Instructions for use Tigofast-180 film-coated tablets 180 mg blister No. 30
Composition
active ingredient: fexofenadine hydrochloride;
1 film-coated tablet contains fexofenadine hydrochloride 180 mg;
excipients:
180 mg tablets: microcrystalline cellulose, corn starch, sodium starch glycolate (type A), colloidal anhydrous silicon dioxide, Insta Coat Sunset Yellow film coating (ethylcellulose, hydroxypropylmethylcellulose, Sunset Yellow FCF (E 110)), talc.
Dosage form
Film-coated tablets.
Main physicochemical properties:
180 mg tablets: film-coated tablets, round, biconvex, orange in color.
Pharmacotherapeutic group
Antihistamines for systemic use. ATX code R06A X26.
Pharmacological properties
Pharmacodynamics
Fexofenadine hydrochloride is a non-sedating antihistamine from the group of specific H1 receptor antagonists. Fexofenadine is a pharmacologically active metabolite of terfenadine. Stabilizes mast cell membranes, prevents the release of histamine. Eliminates allergy symptoms: sneezing, rhinorrhea, itching, redness of the eyes and tearing. Does not have a sedative effect.
The antihistamine effect of fexofenadine hydrochloride administered once and twice daily was evident within 1 hour, peaked at 6 hours, and lasted for 24 hours. No signs of tolerance were observed even after 28 days of administration. Clinical efficacy was observed after single oral doses of 10 to 130 mg. A dose of 120 mg was sufficient to provide 24-hour efficacy.
Even at plasma concentrations 32 times higher than therapeutic concentrations, fexofenadine had no effect on slow potassium tubules of the human heart.
Fexofenadine hydrochloride (5–10 mg/kg orally) stops antigen-induced bronchospasm in sensitized animals and, at concentrations above therapeutic (10–100 micromolar), causes histamine release from peritoneal mast cells.
Pharmacokinetics
Fexofenadine hydrochloride is rapidly absorbed after oral administration. Maximum concentration is reached after approximately 1–3 hours. At a daily dose of 120 mg, the average maximum concentration is ≈ 427 ng/ml. At a daily dose of 180 mg, the average maximum concentration is ≈ 494 ng/ml.
60–70% of fexofenadine binds to plasma proteins. The active substance does not penetrate the blood-brain barrier.
Fexofenadine is almost not metabolized (both in the liver and outside it): only fexofenadine has been detected in significant quantities in the urine and feces of humans and animals.
Fexofenadine is eliminated from plasma with a biexponential decline and a terminal half-life of 11 to 15 hours after multiple dosing. Single and multiple dose kinetics are linear at oral doses up to 120 mg twice daily. In the saturation phase, doses up to 240 mg twice daily caused an increase in AUC that was slightly more than proportional (8.8%). This indicates that fexofenadine pharmacokinetics are nearly linear at daily doses of 40–240 mg.

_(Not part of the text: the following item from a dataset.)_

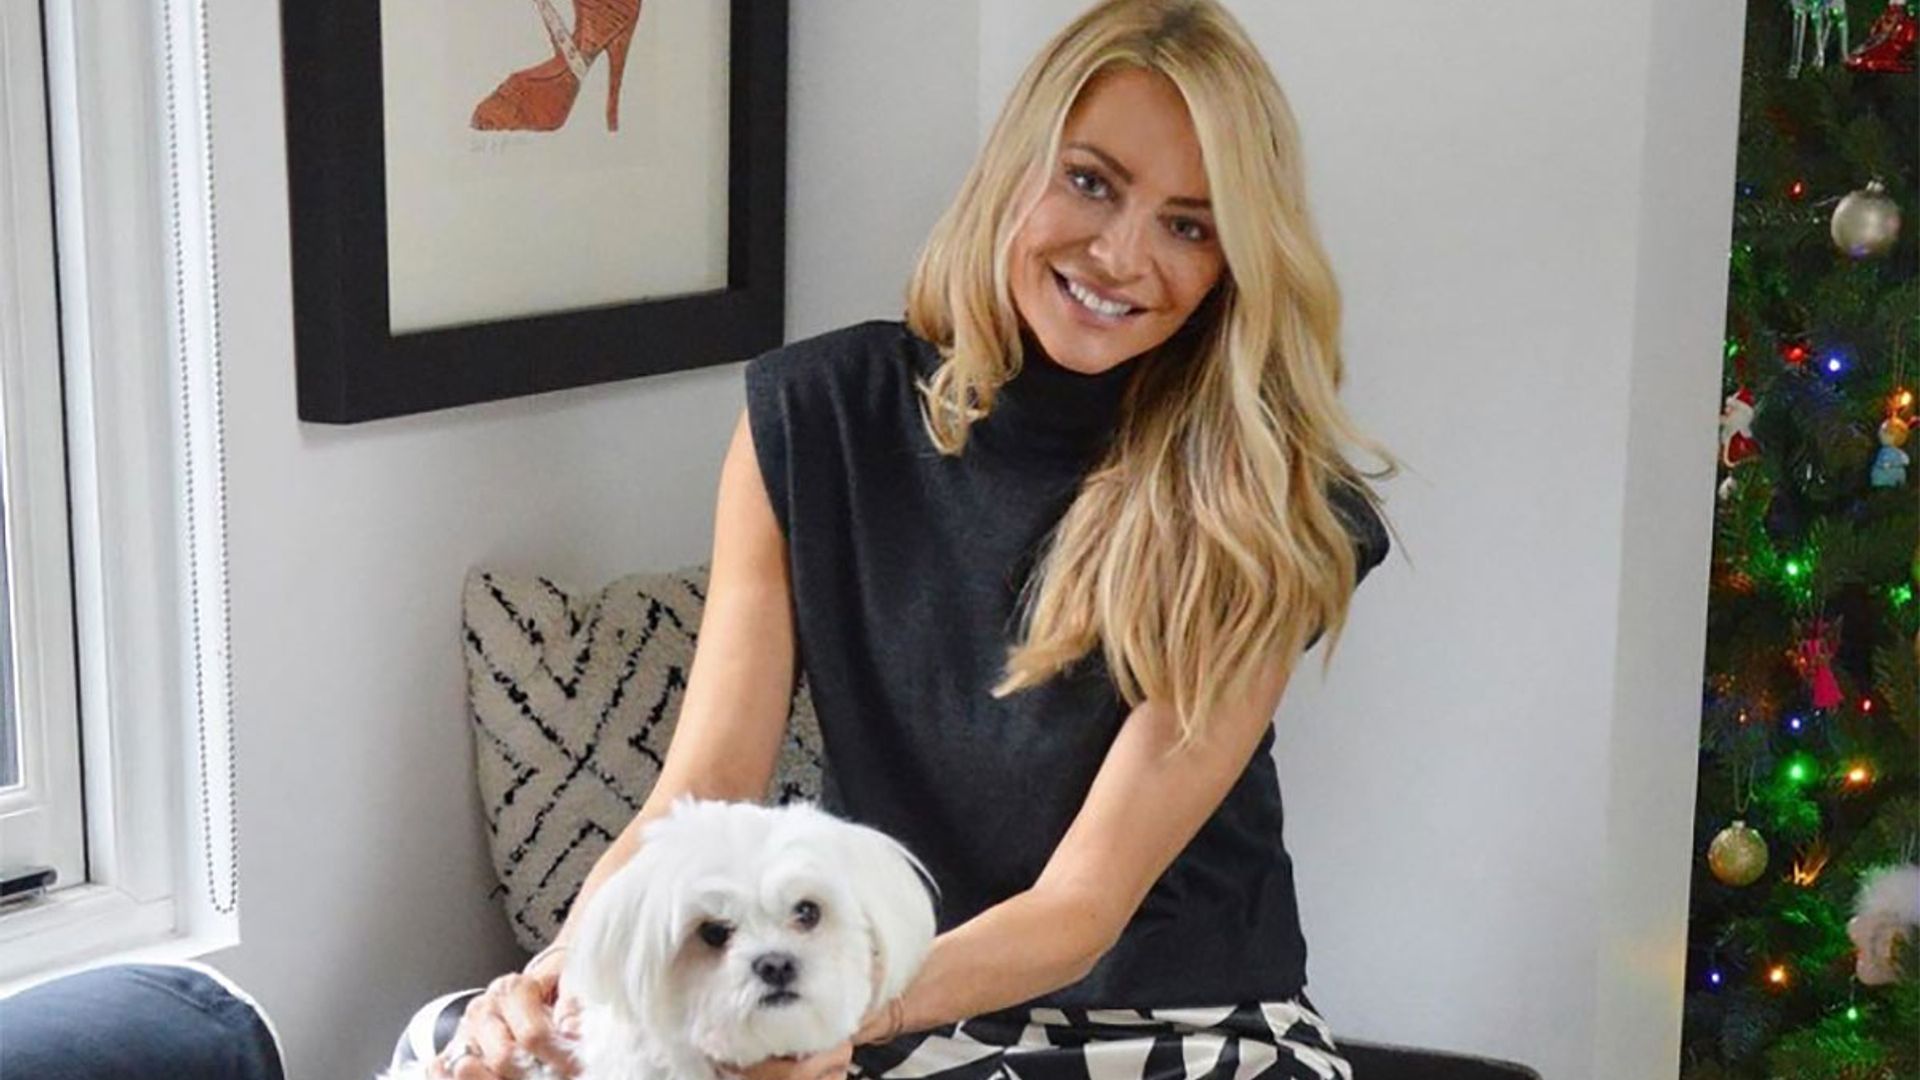 Tess Daly's fans are obsessed with her off-duty casual outfit at home

Most of the dose is excreted in the bile, with up to 10% excreted unchanged in the urine.
Mutagenic and carcinogenic properties.
Various in vitro and in vivo mutagenicity tests did not reveal any mutagenic properties of fexofenadine hydrochloride.

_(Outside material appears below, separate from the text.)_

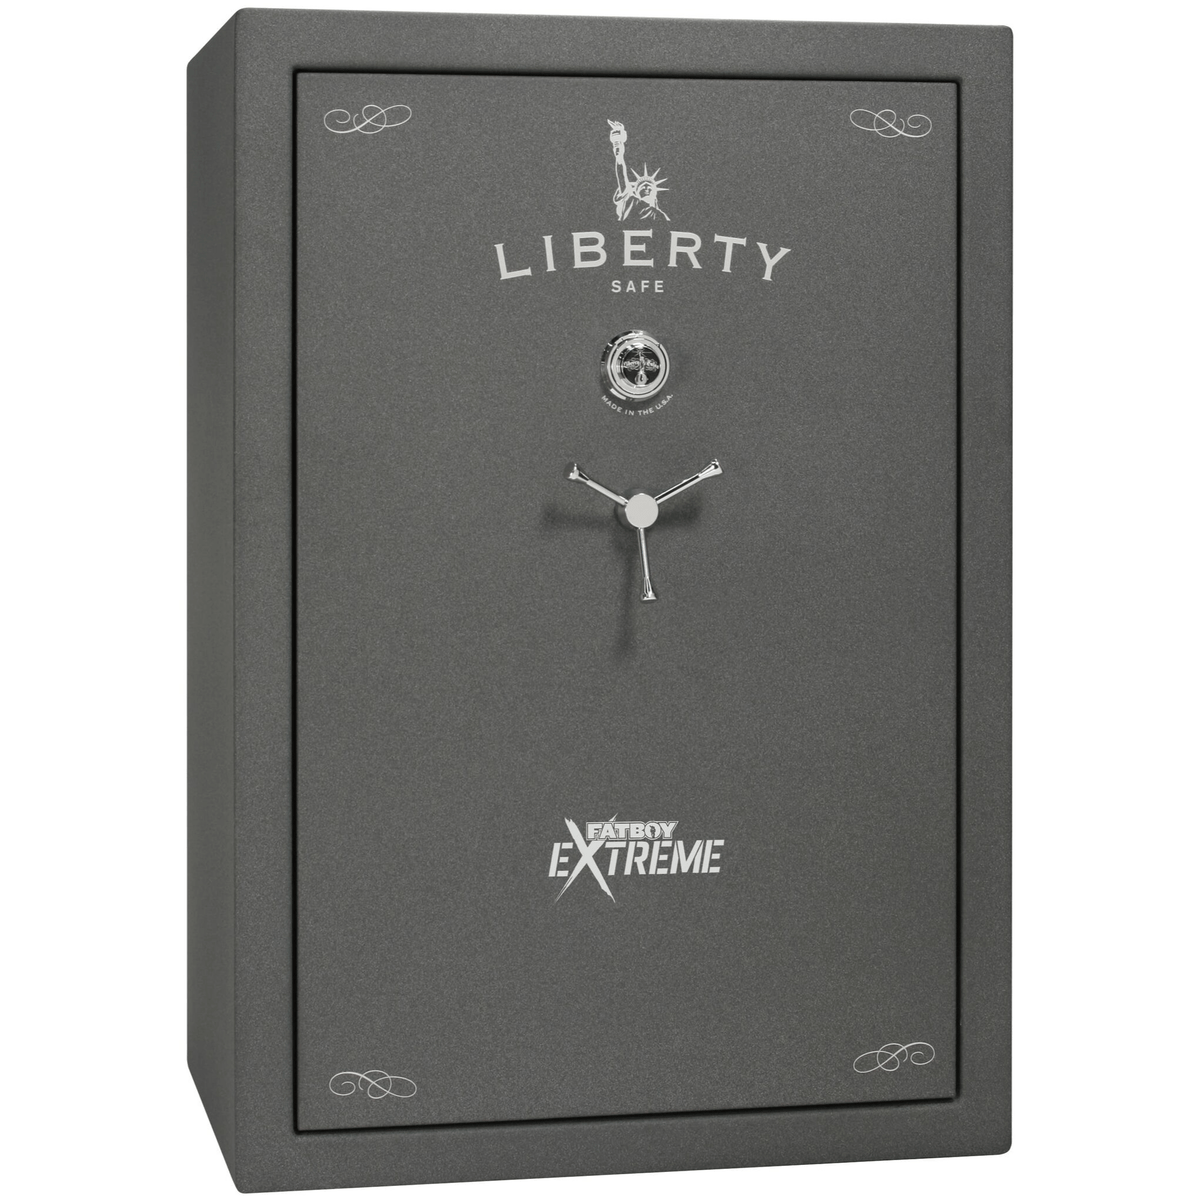 Lincoln Fatboy Extreme 64XT Safe in Textured Granite with Chrome Mechanical Lock.

In a carcinogenicity study, fexofenadine exposure was determined (based on plasma AUC) following administration of terfenadine in secondary pharmacokinetic studies. No evidence of carcinogenicity was observed when terfenadine was administered to rats and mice (up to 150 mg/kg body weight per day).
Indication
Symptomatic treatment of chronic idiopathic urticaria in adults and children aged 12 years and over.
Contraindication
Hypersensitivity to the components of the drug, age up to 12 years.
Interaction with other medicinal products and other types of interactions
Tigofast is not biotransformed in the liver and therefore does not interact with other drugs that are metabolized by microsomal liver enzymes. When Tigofast is taken simultaneously with erythromycin or ketoconazole, the concentration of Tigofast in the blood plasma increases by 2-3 times, which is due to increased absorption in the digestive tract and reduced elimination with bile. These changes are not accompanied by a change in the QT interval and do not cause an increase in the frequency of adverse reactions compared to the frequency of adverse reactions when each of these drugs is prescribed separately. No interaction of Tigofast and omeprazole was observed. When taking antacids containing aluminum or magnesium 15 minutes before taking Tigofast, its bioavailability decreases due to binding in the digestive tract. It is recommended to leave a 2-hour interval between taking Tigofast and antacids containing aluminum or magnesium hydroxide.
Application features
Patients with a history of or current cardiovascular disease should be aware that antihistamines may contribute to the development of side effects such as tachycardia and palpitations (see section "Adverse Reactions").
Ability to influence reaction speed when driving vehicles or other mechanisms
Based on the pharmacodynamic profile and known side effects, it can be concluded that taking Tigofast does not affect the ability to drive vehicles and perform work that requires concentration of attention. When conducting objective studies, it was found that Tigofast does not have a significant effect on the functions of the central nervous system (CNS). However, it is recommended to assess the individual response to the drug before starting to drive vehicles or perform work that requires concentration of attention.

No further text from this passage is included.